Resident concerns raised as air tests begin at Gricignano
Stars and Stripes March 21, 2008
NAPLES, Italy — It’s nice that the Navy and Italian government are testing the air quality at the Gricignano Support Site, but what happens if results determine the air is unhealthy, asked Sarah Wafford.
“By that time, the damage is done. Why should we be their experiments?” said the exasperated 25-year-old, who is about 10 weeks pregnant.
Since moving into base housing at Gricignano about a month ago, Wafford said she sometimes wakes and feels as though she’s “dying for fresh air.”
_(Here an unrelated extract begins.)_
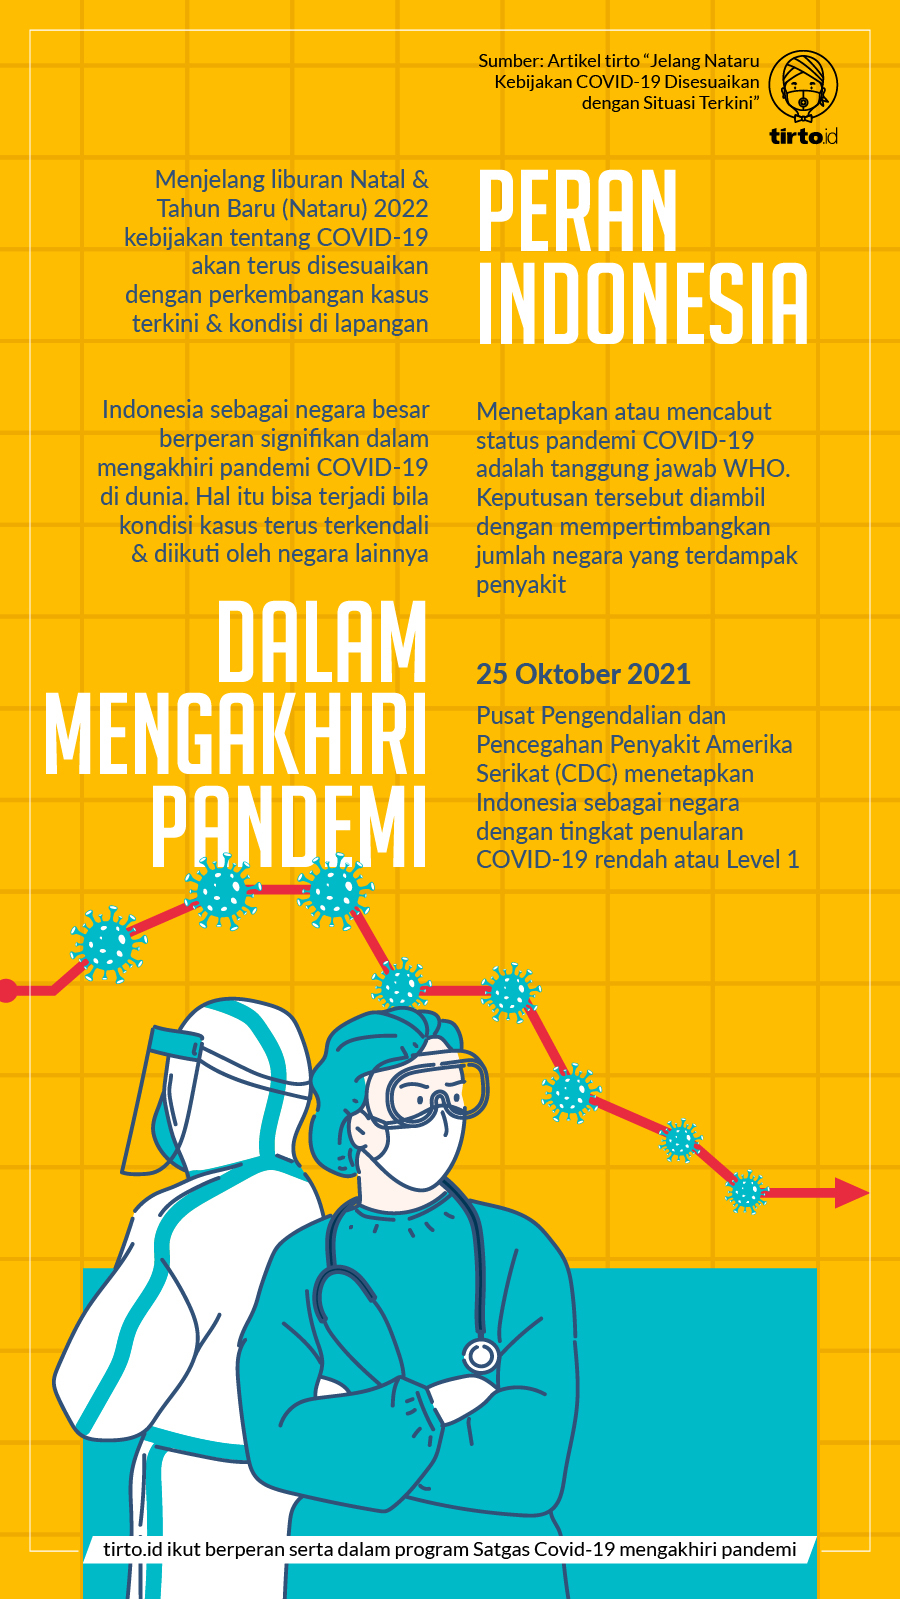 Infografik BNPB Peran Indonesia dalam Mengakhiri Pandemi 3 Nov

On Thursday, U.S. and Italians officials placed a van-mounted air monitoring station in the back corner of the support site base. The system will examine weather conditions and test for possible harmful chemicals that could be present in the air, said Felice Nunziata, a nuclear physicist with the Agenzia Regionale Protezione Ambientale Campania, the Italian equivalent to the Environmental Protection Agency.
For a minimum of 15 days beginning Friday, the station will collect air samples to test for the possible presence of chemicals such as sulfur dioxide, nitrogen dioxide, carbon monoxide, methane and benzene, to name a few, he said.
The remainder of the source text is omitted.